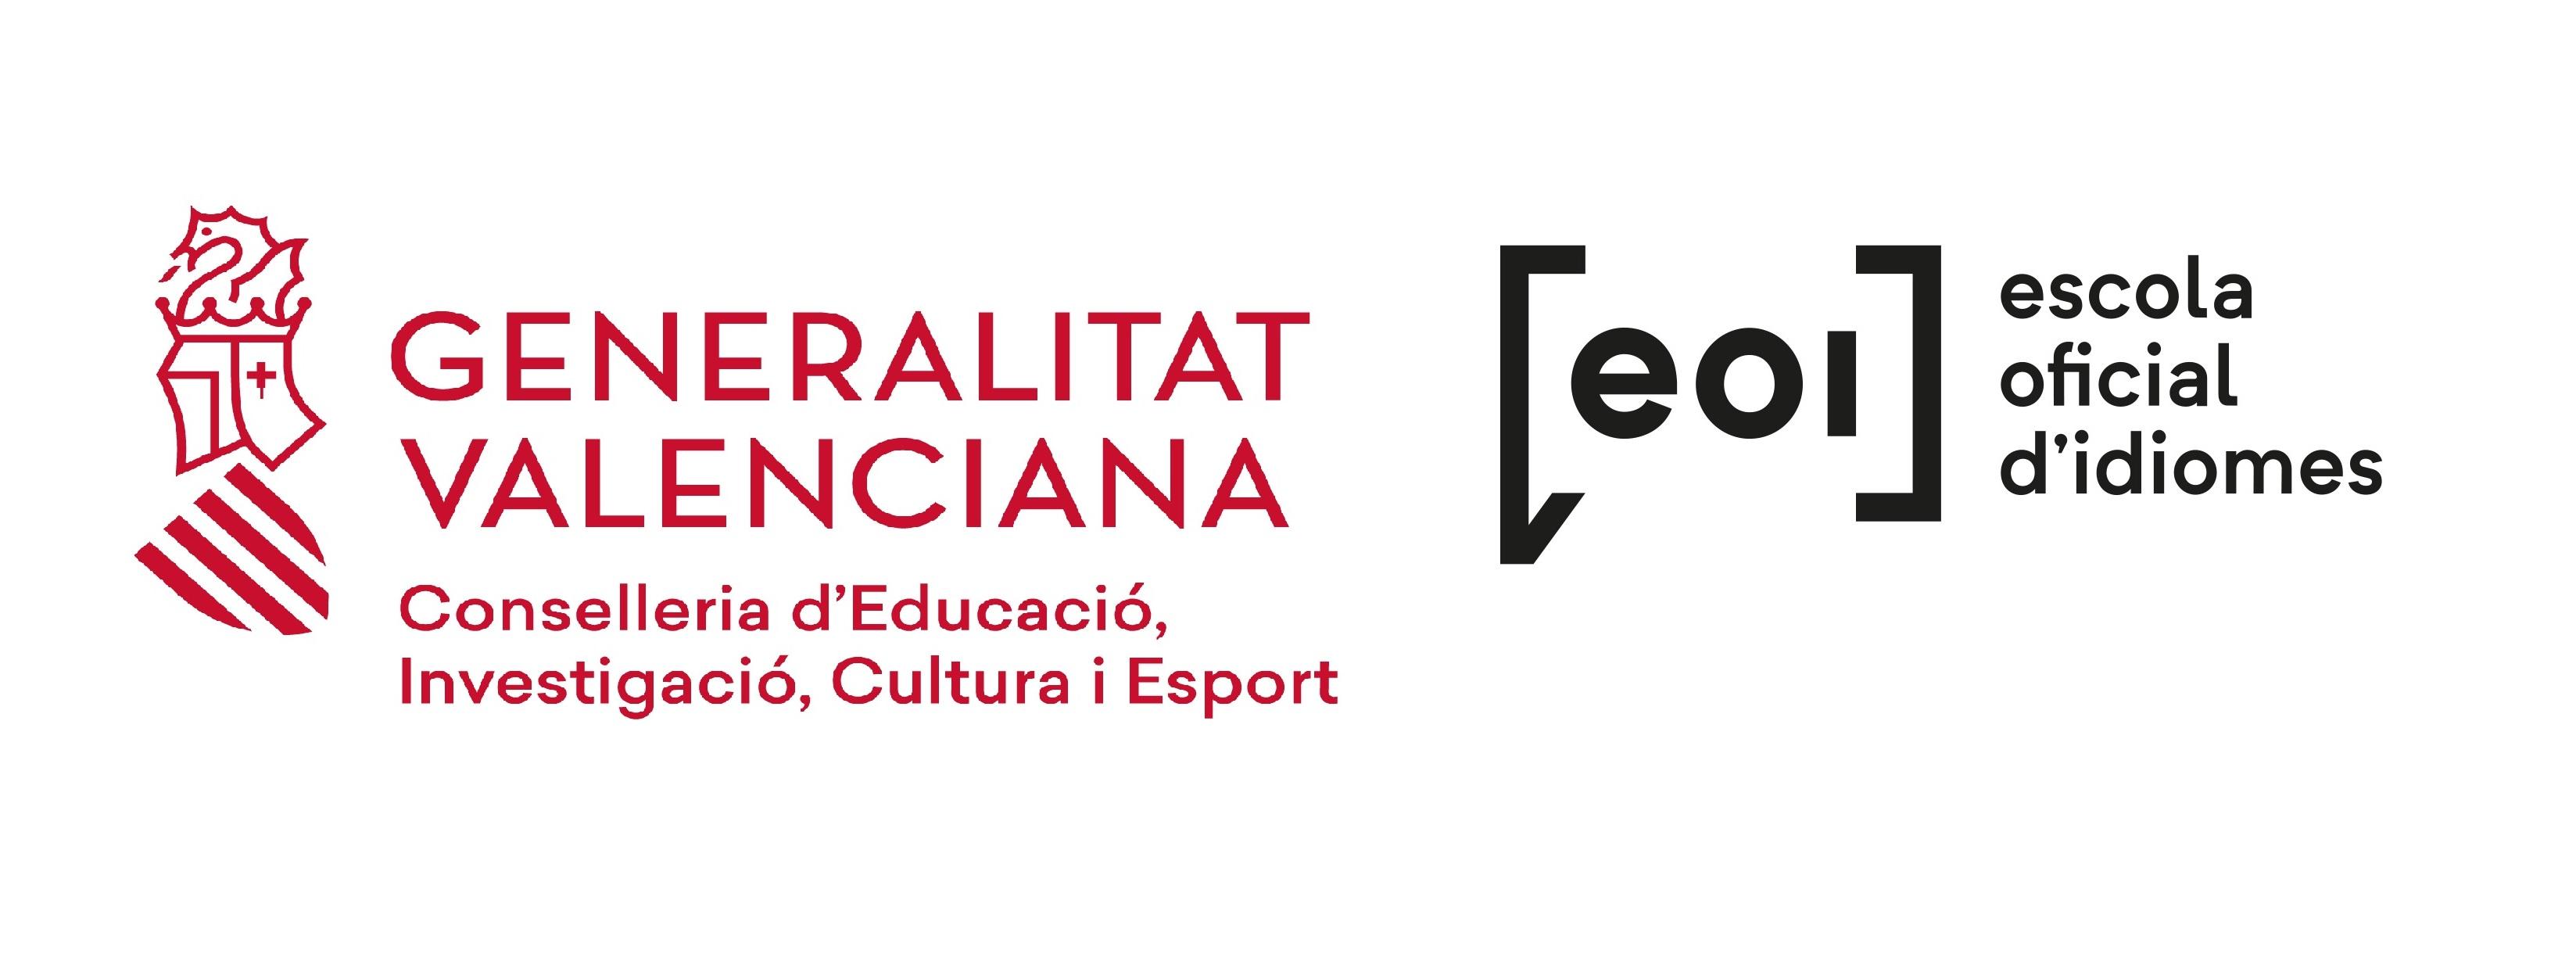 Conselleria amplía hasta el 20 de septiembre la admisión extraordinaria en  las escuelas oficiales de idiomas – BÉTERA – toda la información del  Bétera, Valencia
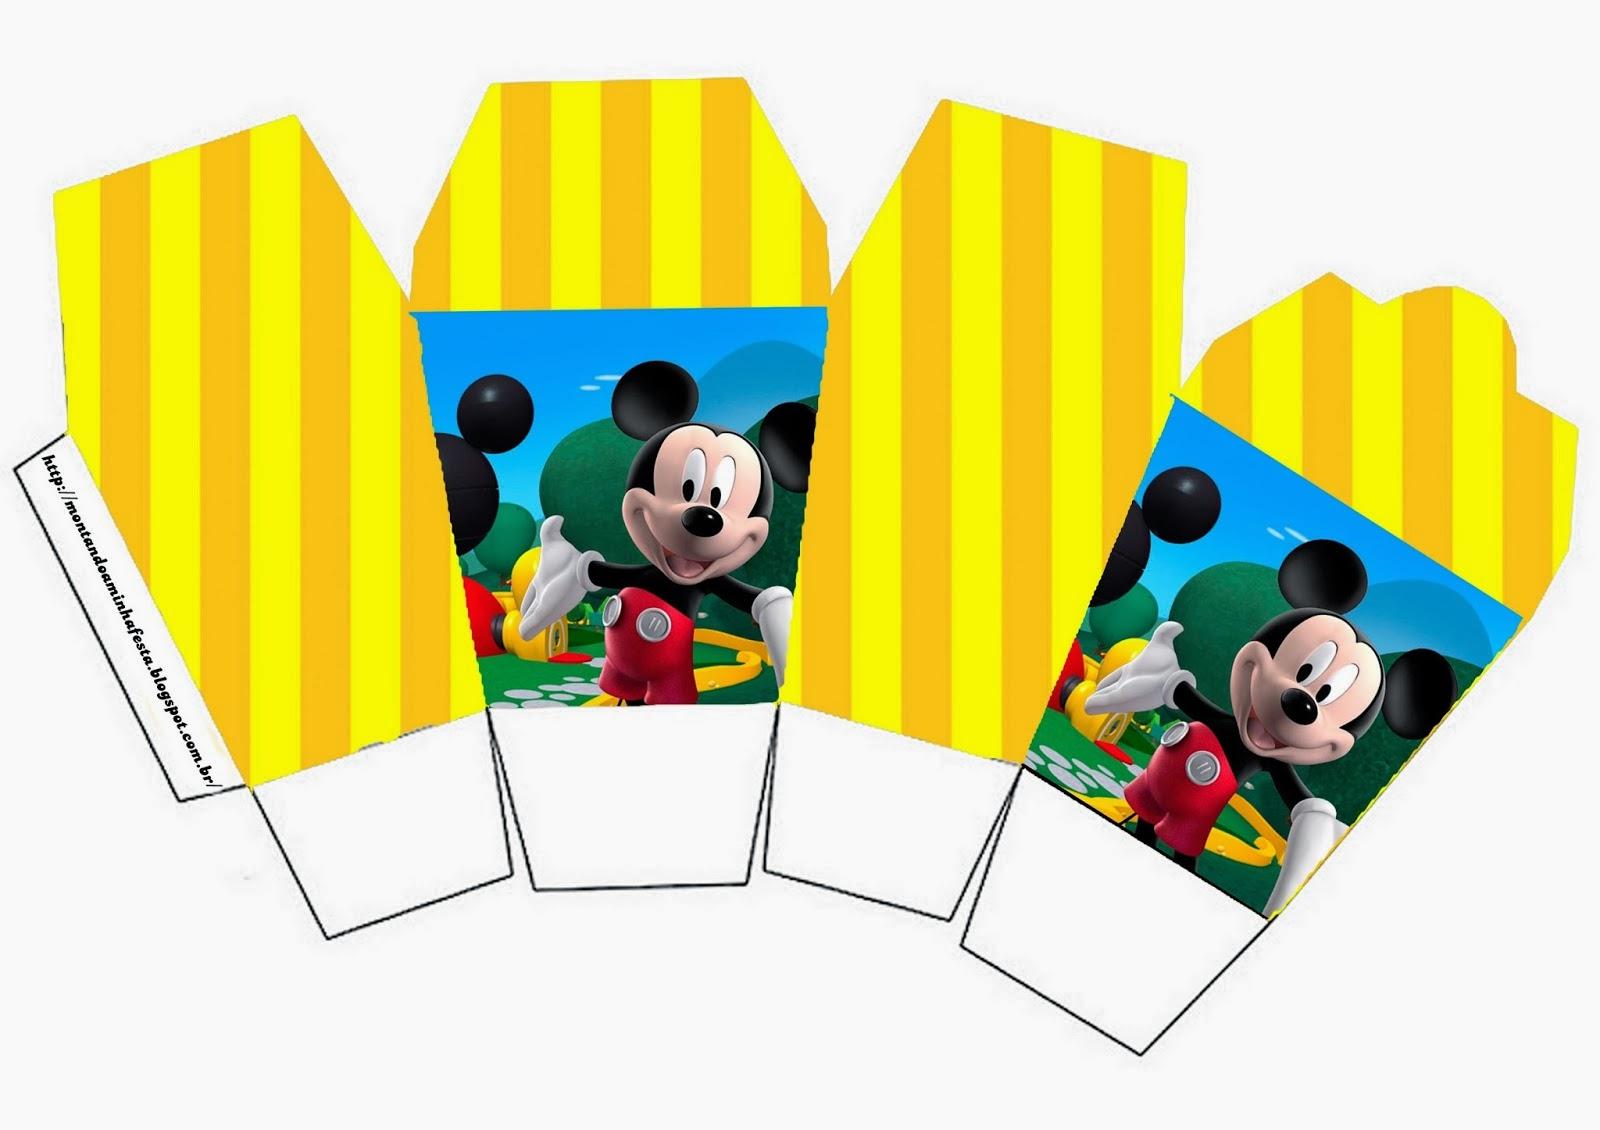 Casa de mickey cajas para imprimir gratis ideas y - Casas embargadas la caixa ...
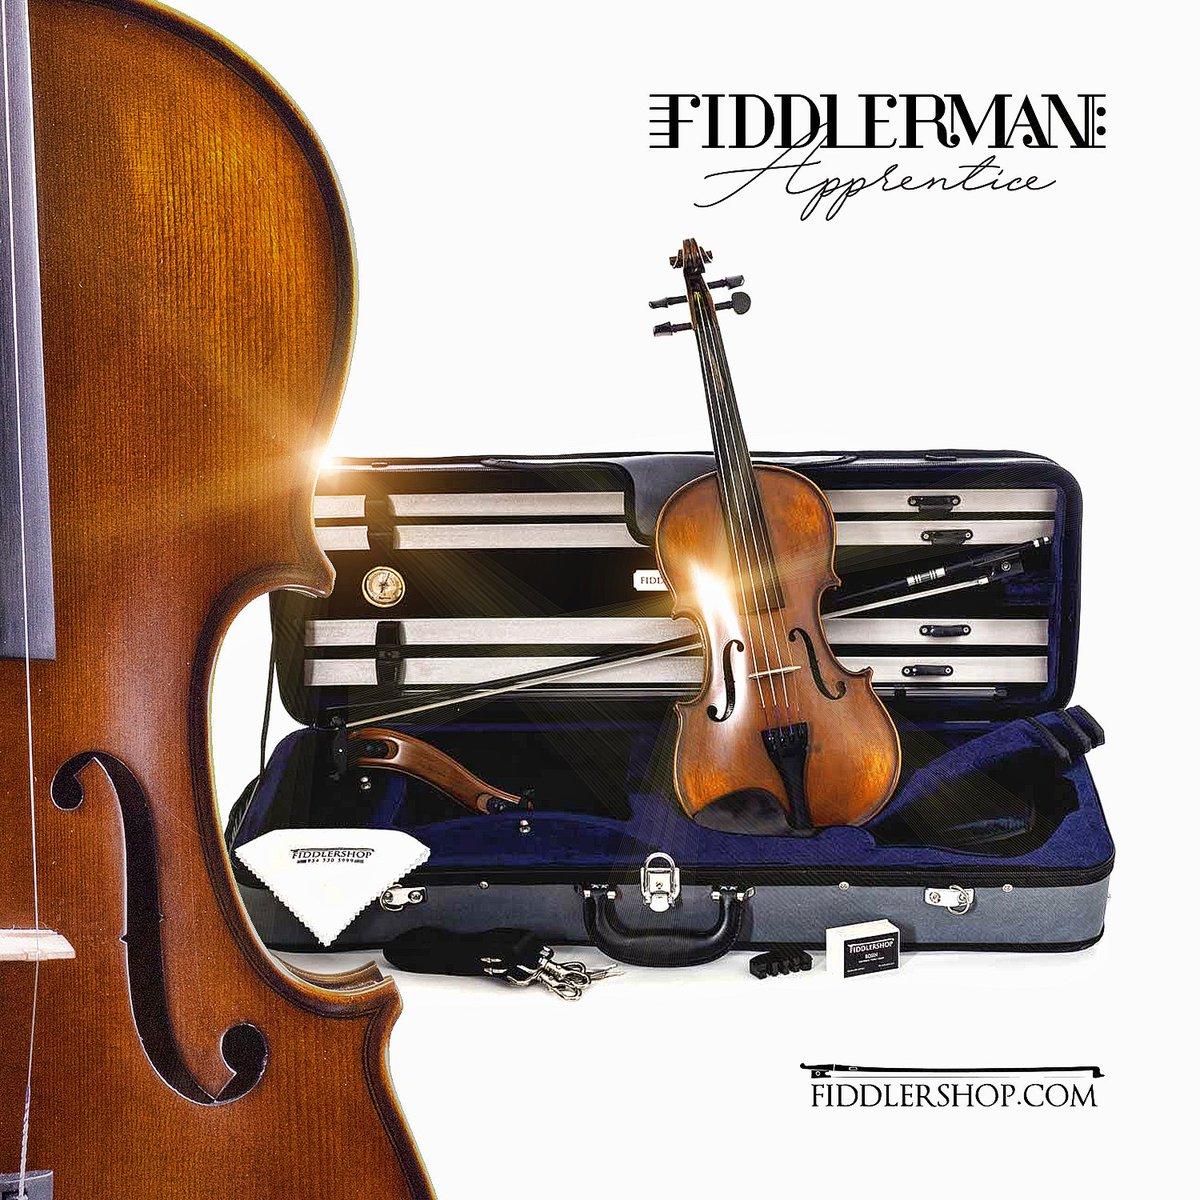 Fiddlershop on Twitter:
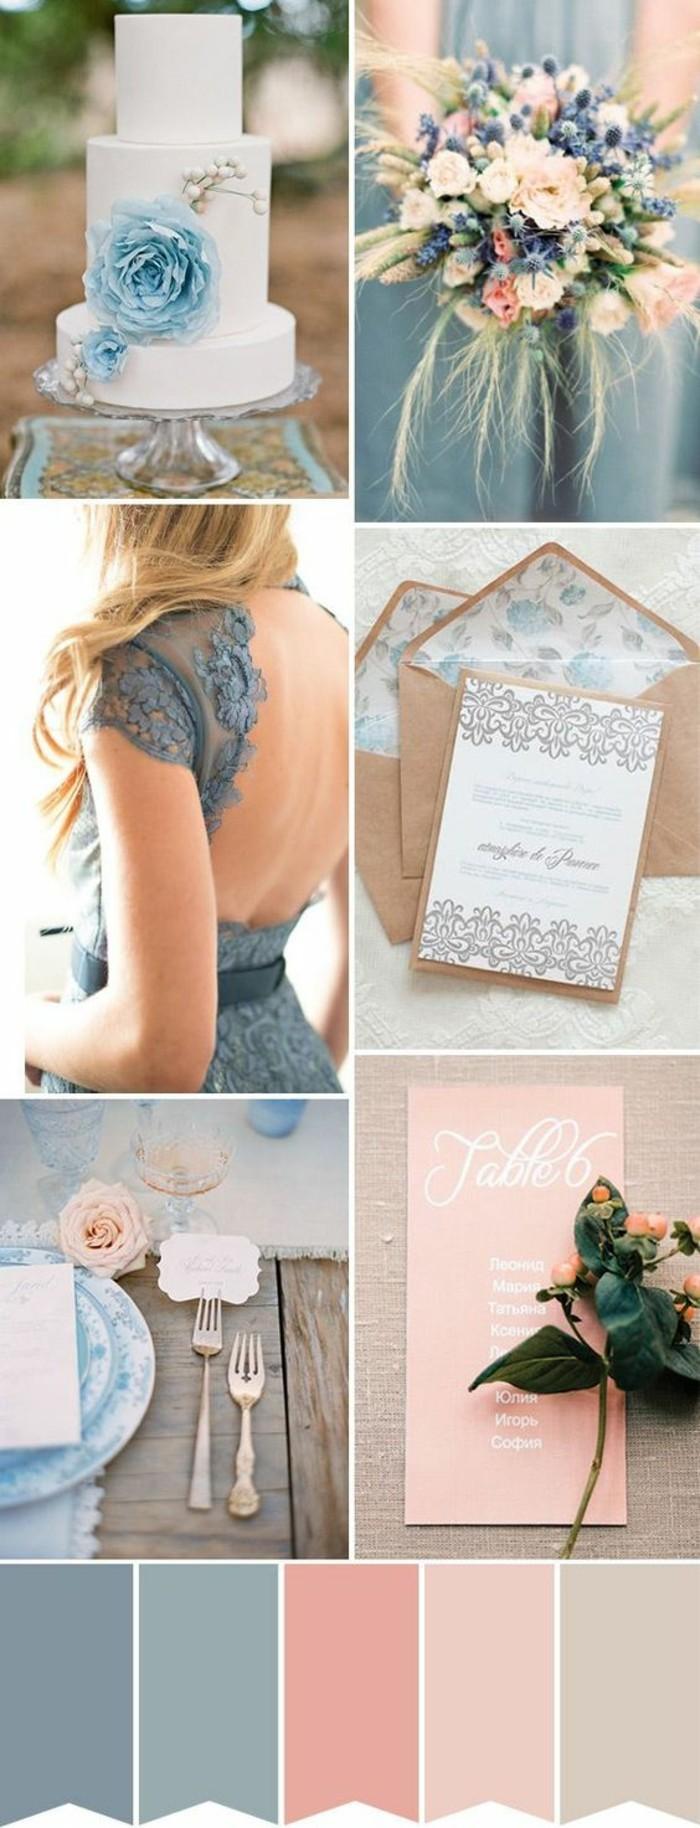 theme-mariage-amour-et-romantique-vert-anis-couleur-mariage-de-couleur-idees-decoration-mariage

# EXERCISE DETAILS
Please copy out the whole listing exactly, minus its pictures.

# EXERCISE OUTPUT
 Conselleria amplía hasta el 20 de septiembre la admisión extraordinaria en  las escuelas oficiales de idiomas – BÉTERA – toda la información del  Bétera, Valencia
 Casa de mickey cajas para imprimir gratis ideas y - Casas embargadas la caixa ...
 Fiddlershop on Twitter:
 theme-mariage-amour-et-romantique-vert-anis-couleur-mariage-de-couleur-idees-decoration-mariage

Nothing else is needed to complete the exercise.